I chose to excerpt several paragraphs from this article because it provided such a wealth of fascinating material about a recent scientific study that attempts to understand why writing systems employ the symbols that they do. The scientists in the study even theorize about how extraterrestrial organisms might write, if such beings evolved in a similar environment to ours.

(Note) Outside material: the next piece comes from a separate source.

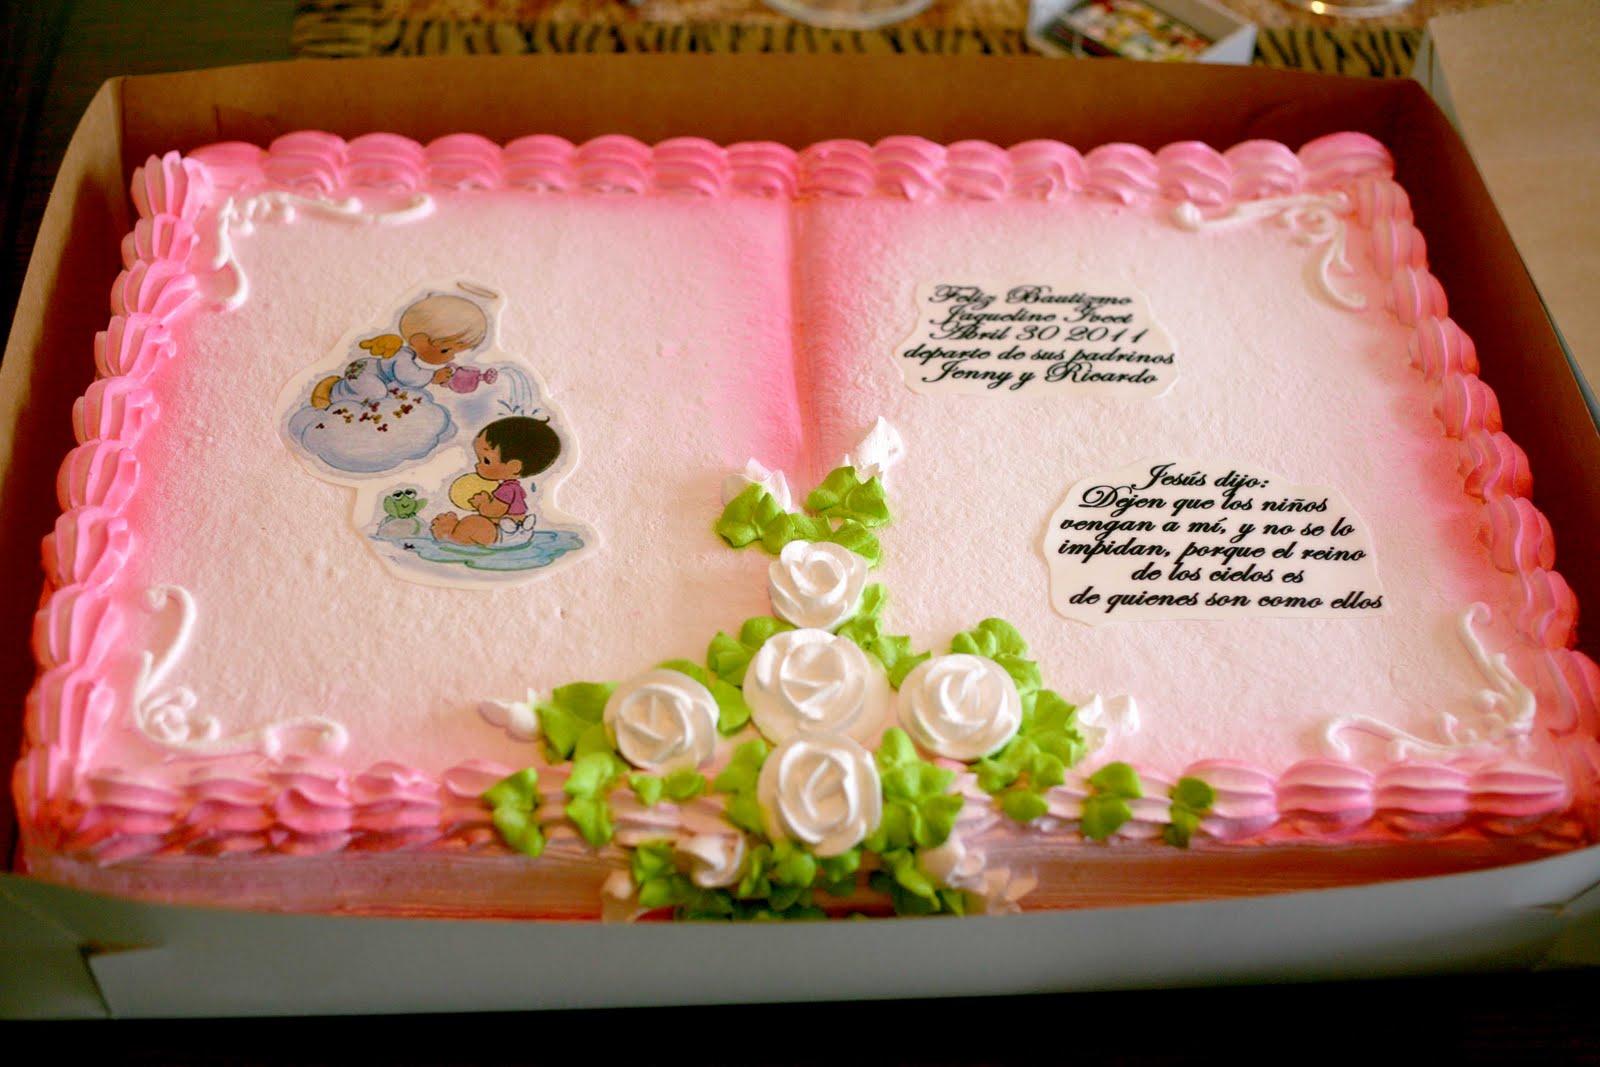 Hector S Custom Cakes June 2011
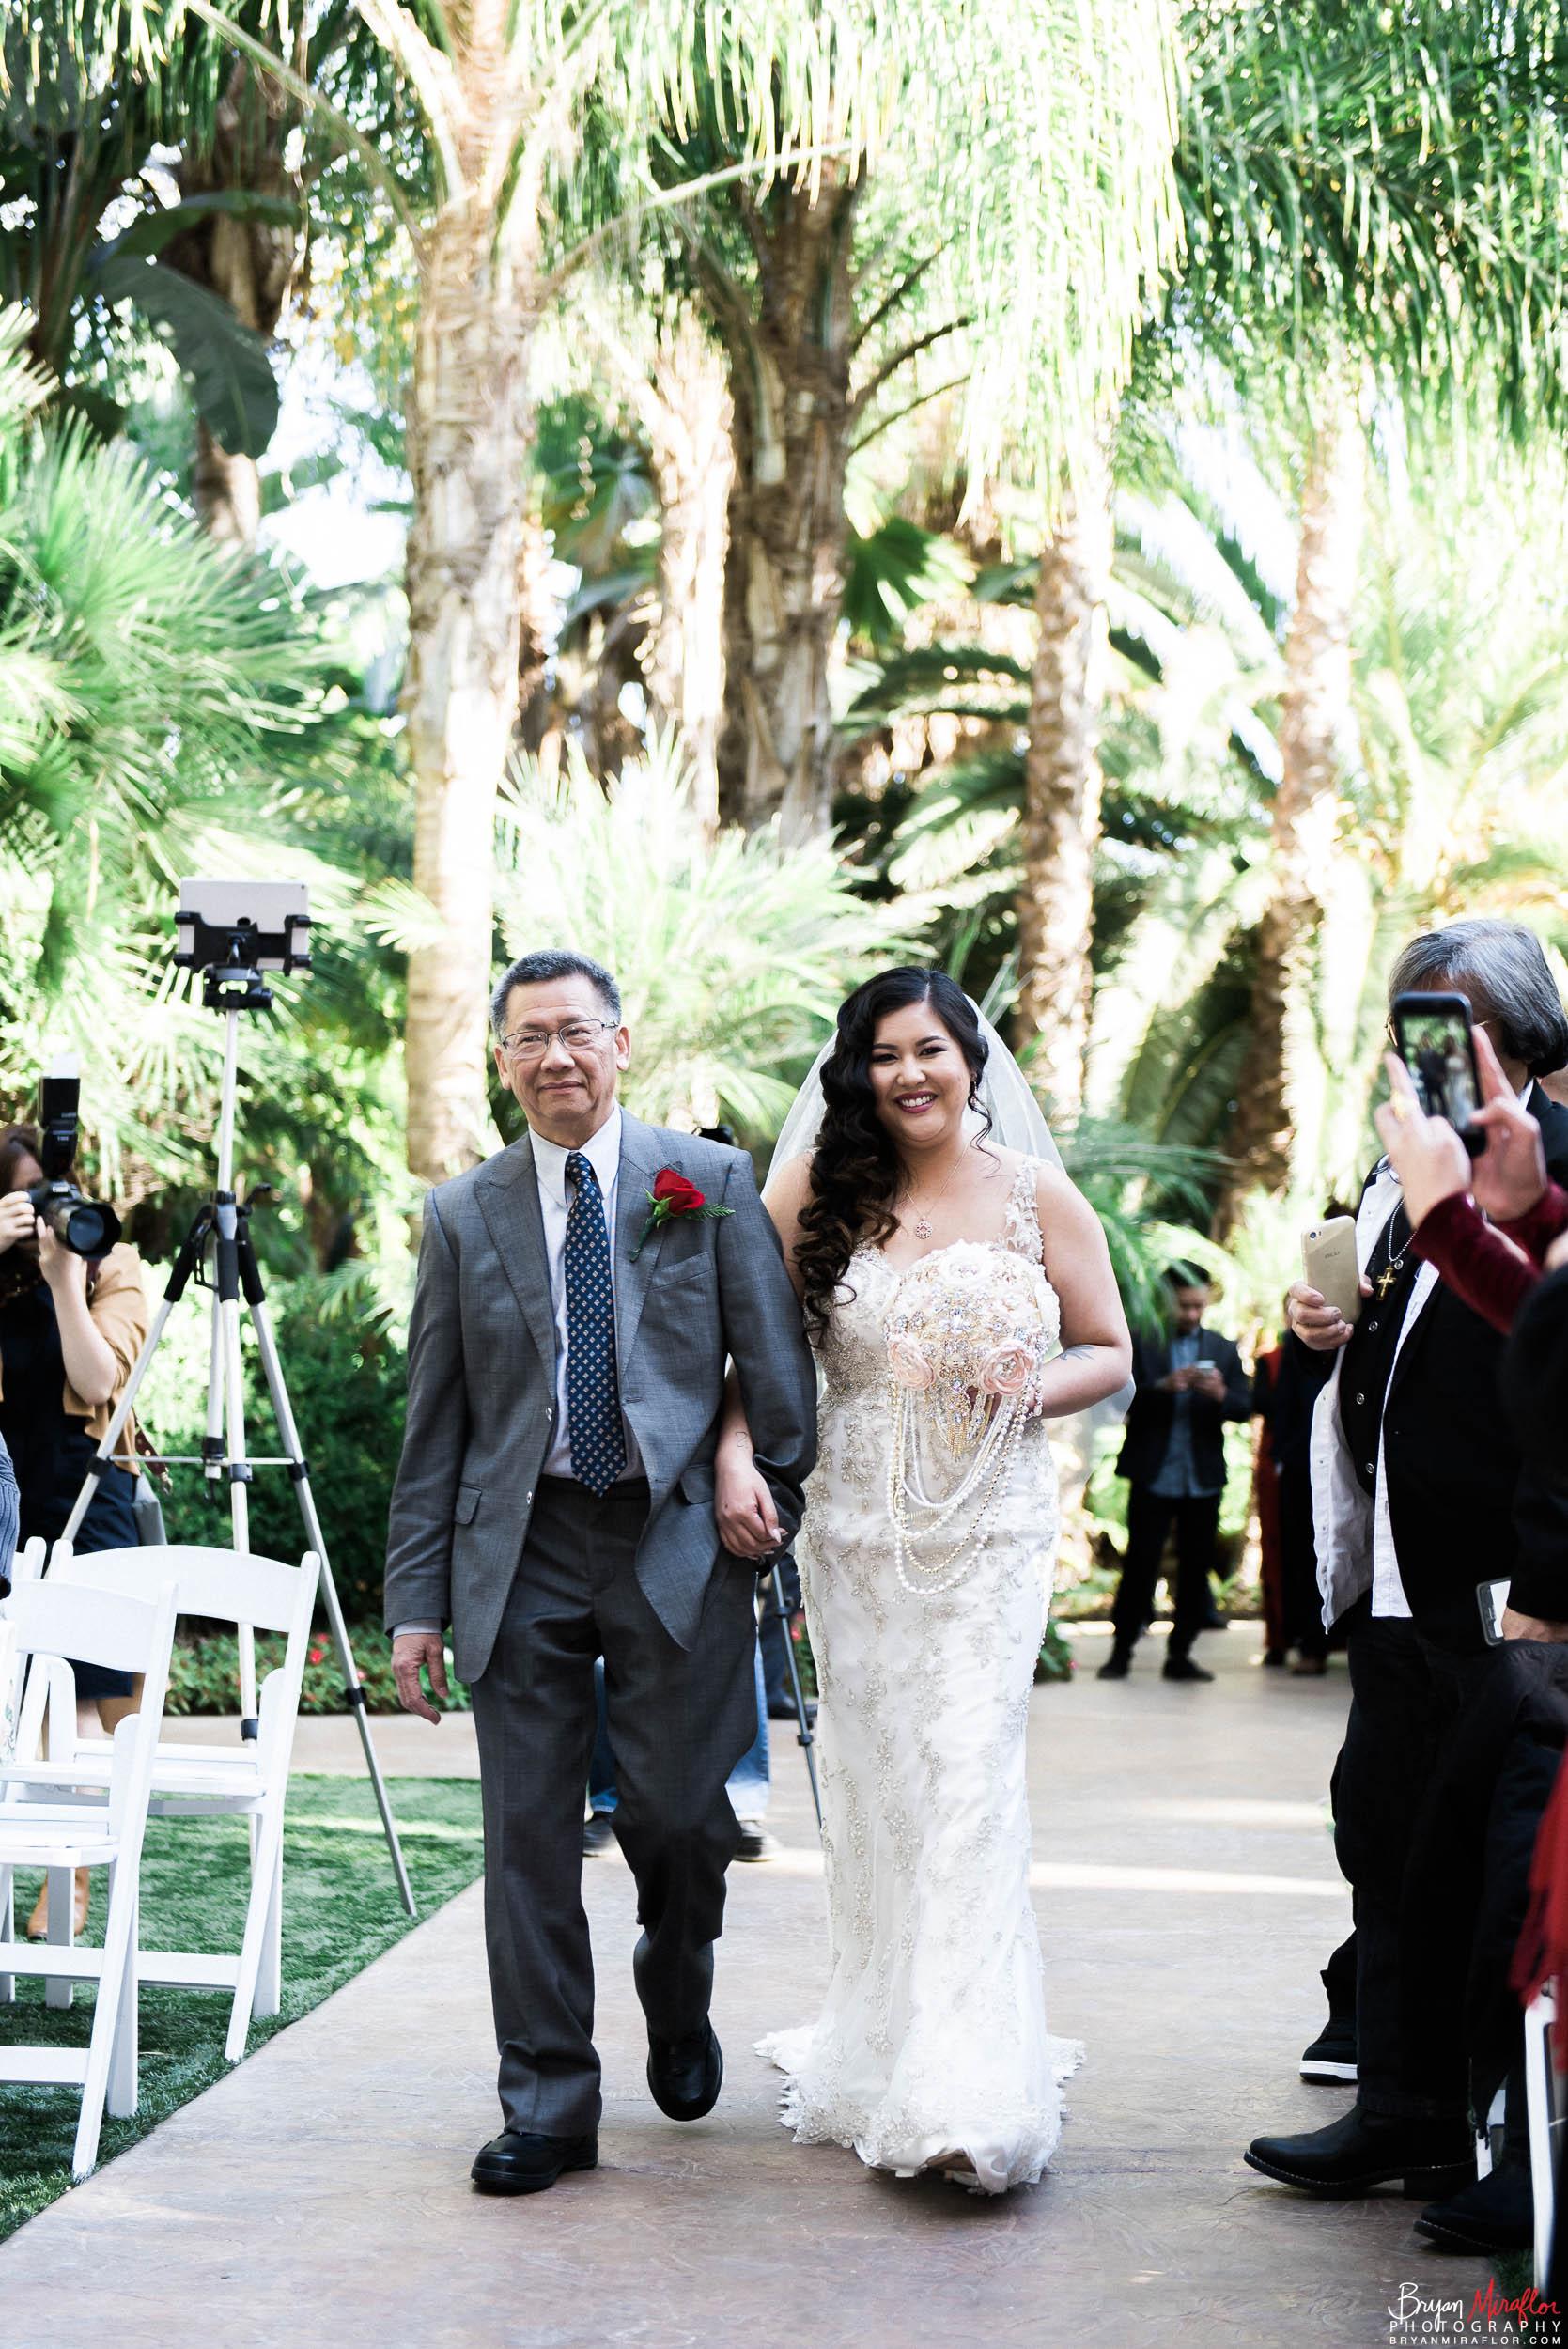 Bryan-Miraflor-Photography-Hannah-Jonathan-Married-Grand-Traditions-Estate-Gardens-Fallbrook-20171222-090.jpg

Here is a link to the original paper, located on the lead researcher's web page (which is full of a lot of wonderful concepts and writing for those who are generally curious about the world in which we live.) The study on writing is one of many investigations into language, cognition and evolution.

...Scientists have pooled the common features of 100 different writing systems, including true alphabets such as Cyrillic, Korean Hangul and our own; so-called abjads that include Arabic and others that only use characters for consonants; Sanskrit, Tamil and other "abugidas", which use characters for consonants and accents for vowels; and Japanese and other syllabaries, which use symbols that approximate syllables, which make up words.

Remarkably, the study has concluded that the letters we use can be viewed as a mirror of the features of the natural world, from trees and mountains to meandering streams and urban cityscapes.

The shapes of letters are not dictated by the ease of writing them, economy of pen strokes and so on, but their underlying familiarity and the ease of recognising them. We use certain letters because our brains are particularly good at seeing them, even if our hands find it hard to write them down. In turn, we are good at seeing certain shapes because they reflect common facets of the natural world.